Utilizando os script's mencionados, o compliance test fica liberado mas o radio cliente demora muita pra conectar *(quando conecta)*. A solução é setar o canal manualmente na scan list, o que poderá prejudicar o bom funcionamento caso o AP precise ser mudado de canal. Alguem tem uma solução pra isso? @*UBNT-Chadi**,*vou encaminhar a solicitação ao suporte da ubiquiti fundamentado no seu comentário. Sabe me dizer se a versão XW 5.5.10 "oficial" com CT liberado tem esse inconveniente?

----------


## UBNT-Chadi

> Utilizando os script's mencionados, o compliance test fica liberado mas o radio cliente demora muita pra conectar *(quando conecta)*. A solução é setar o canal manualmente na scan list, o que poderá prejudicar o bom funcionamento caso o AP precise ser mudado de canal. Alguem tem uma solução pra isso? @*UBNT-Chadi**,*vou encaminhar a solicitação ao suporte da ubiquiti fundamentado no seu comentário. Sabe me dizer se a versão XW 5.5.10 "oficial" com CT liberado tem esse inconveniente?


Yuri na versão oficial funciona perfeitamente  :Wink: !

----------


## marcioelias

> Utilizando os script's mencionados, o compliance test fica liberado mas o radio cliente demora muita pra conectar *(quando conecta)*. A solução é setar o canal manualmente na scan list, o que poderá prejudicar o bom funcionamento caso o AP precise ser mudado de canal. Alguem tem uma solução pra isso? @*UBNT-Chadi**,*vou encaminhar a solicitação ao suporte da ubiquiti fundamentado no seu comentário. Sabe me dizer se a versão XW 5.5.10 "oficial" com CT liberado tem esse inconveniente?



Demora por que o range de canais a serem varridos é muito grande. Use o Frequency List e defina uma lista de 4 ou mais canais tanto na AP quanto nas estações, sempre que for mudar o canal da AP mude para um dos canais da Frequency List, que em teoria todos os clientes deste AP devem ter a mesma.

----------


## Yuri Caitano

> Demora por que o range de canais a serem varridos é muito grande. Use o Frequency List e defina uma lista de 4 ou mais canais tanto na AP quanto nas estações, sempre que for mudar o canal da AP mude para um dos canais da Frequency List, que em teoria todos os clientes deste AP devem ter a mesma.

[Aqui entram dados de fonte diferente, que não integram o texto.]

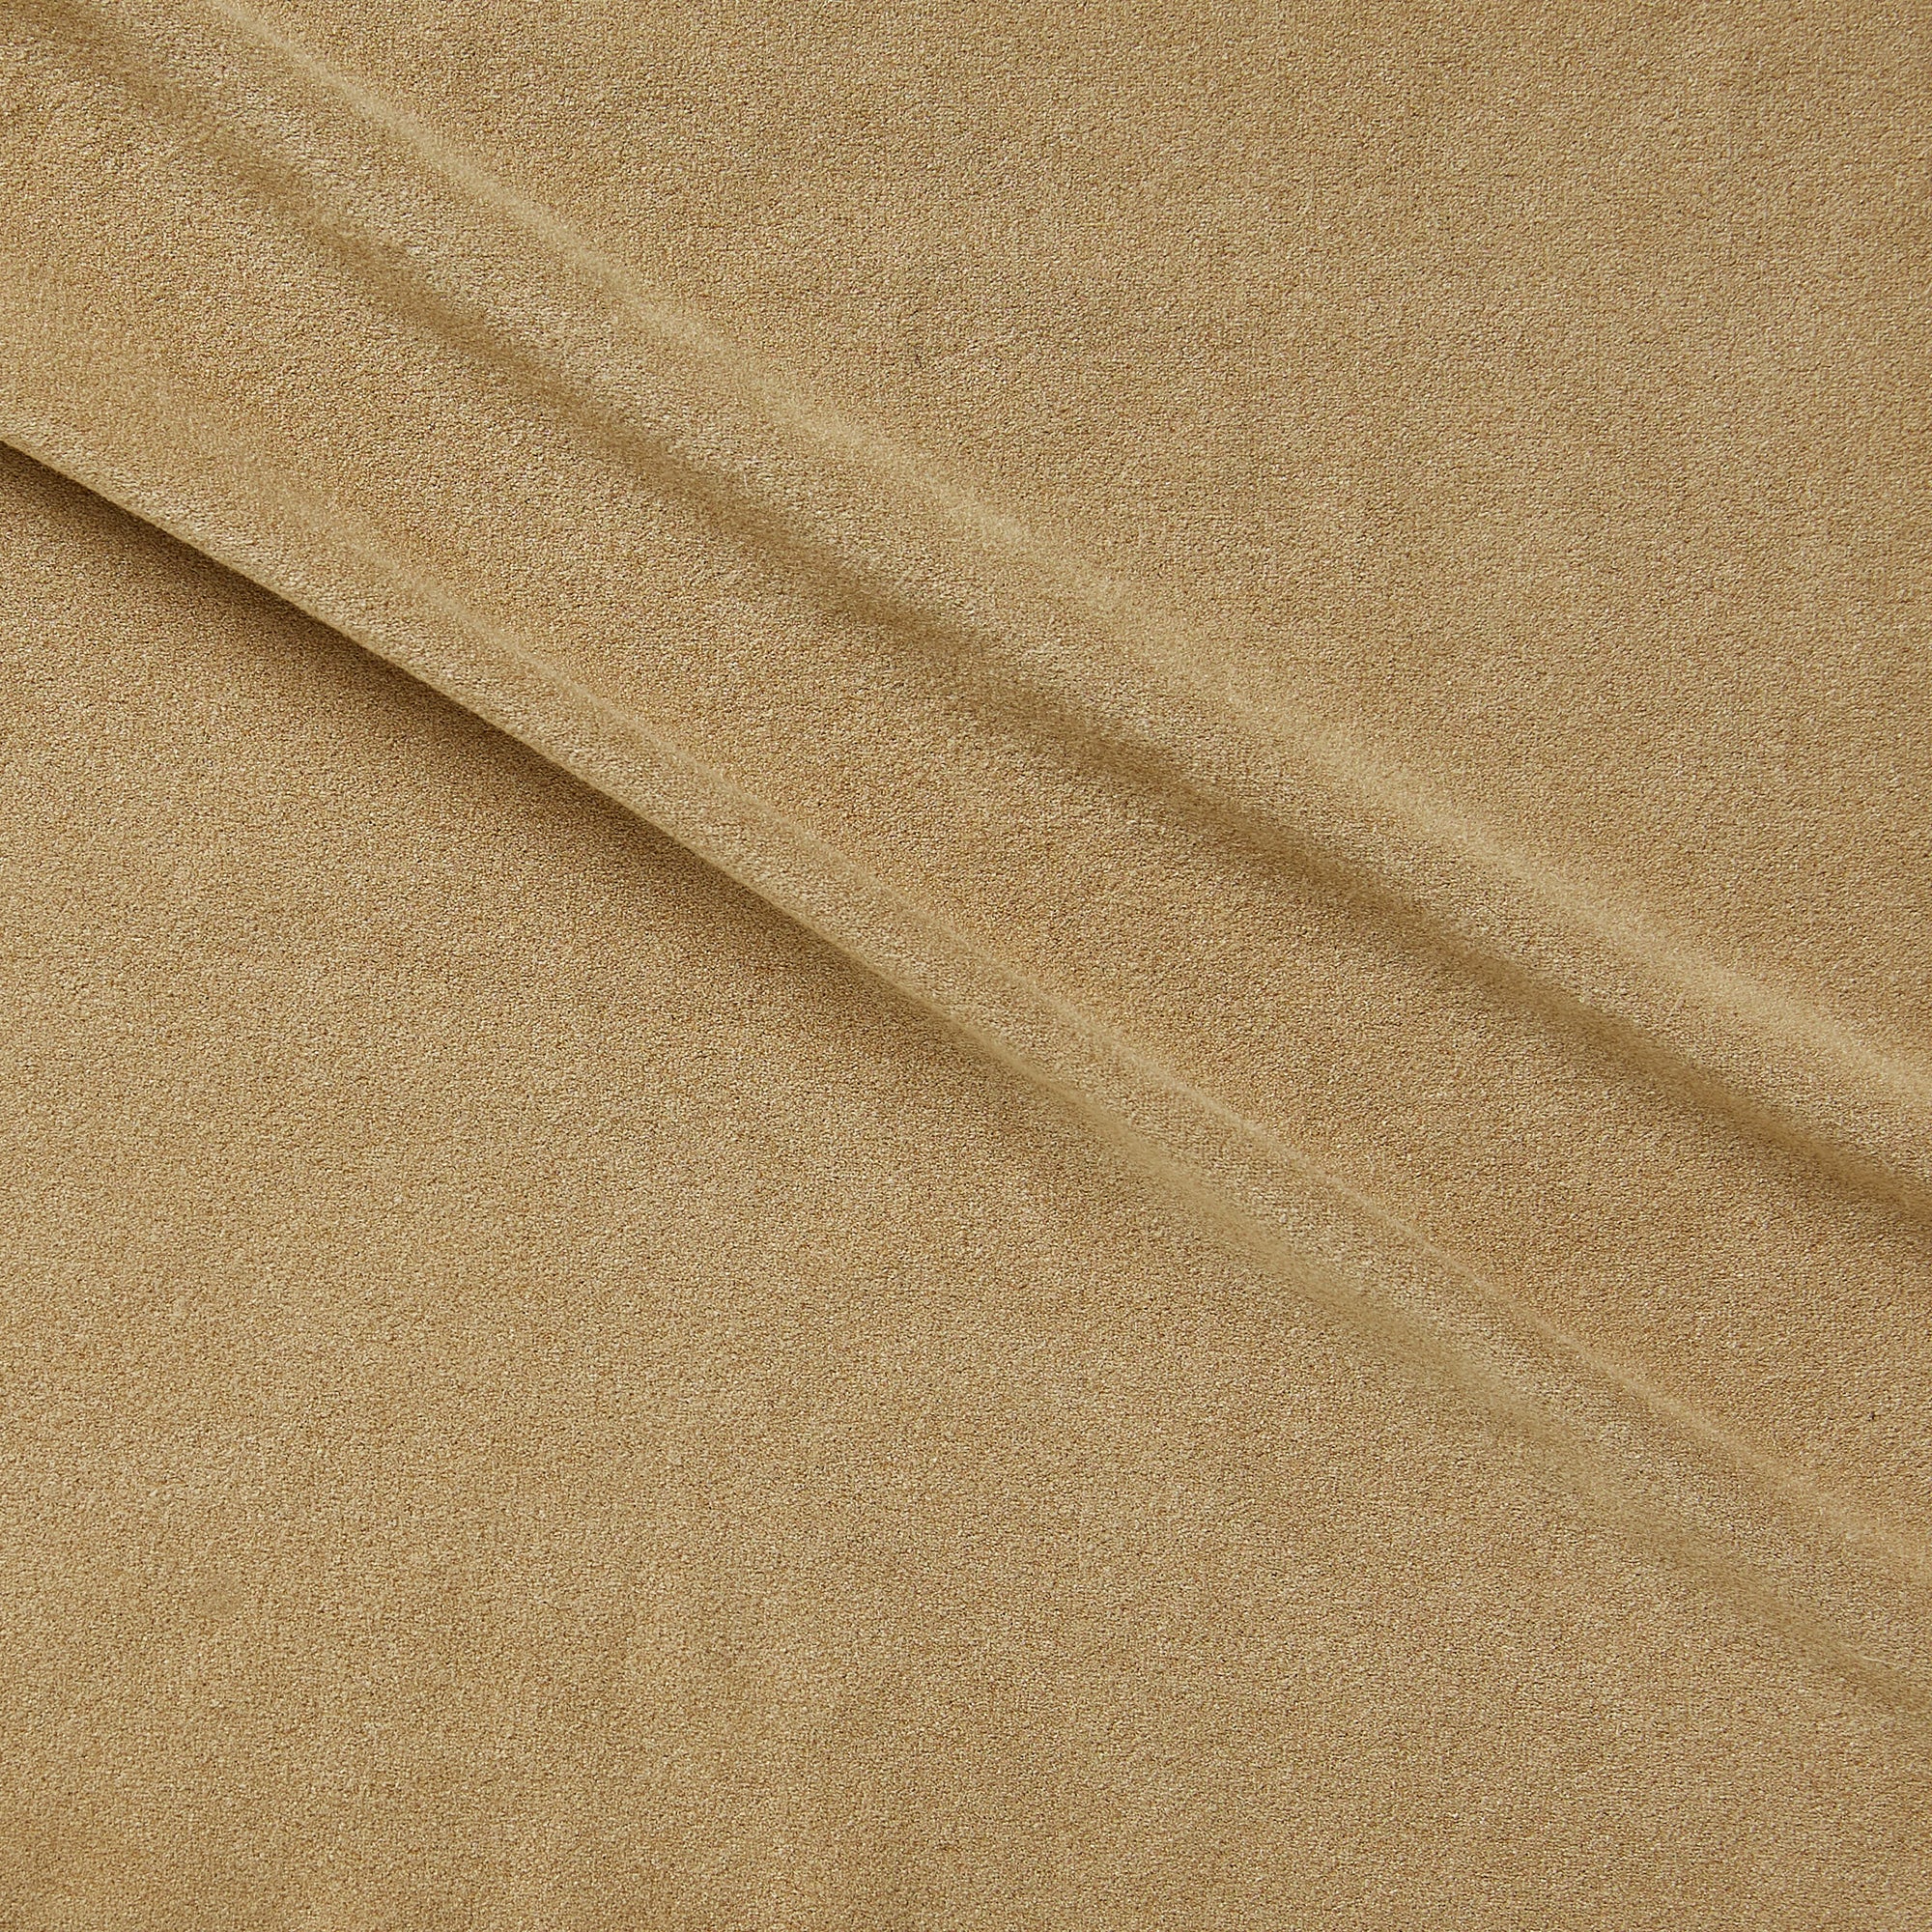 Illustrating super suede a chamois colored soft stretrch polyester vegan suede with spandex featuring good drape

Opa @*marcioelias*, a demora é diferente, é devido ao script. Entendo que sem scan list ele vai escanear todo o range, mas isso não passa de alguns segundos, coisa de um minuto e meio no maximo. Agora demorar varios minutos ou nem conectar já é diferente. E é isso que acontece quando habilitado esses scripts. Só roda com scan list, e pequeno. Aí ficar escolhendo canal antes é latada...

----------


## marcioelias

> Opa @*marcioelias*, a demora é diferente, é devido ao script. Entendo que sem scan list ele vai escanear todo o range, mas isso não passa de alguns segundos, coisa de um minuto e meio no maximo. Agora demorar varios minutos ou nem conectar já é diferente. E é isso que acontece quando habilitado esses scripts. Só roda com scan list, e pequeno. Aí ficar escolhendo canal antes é latada...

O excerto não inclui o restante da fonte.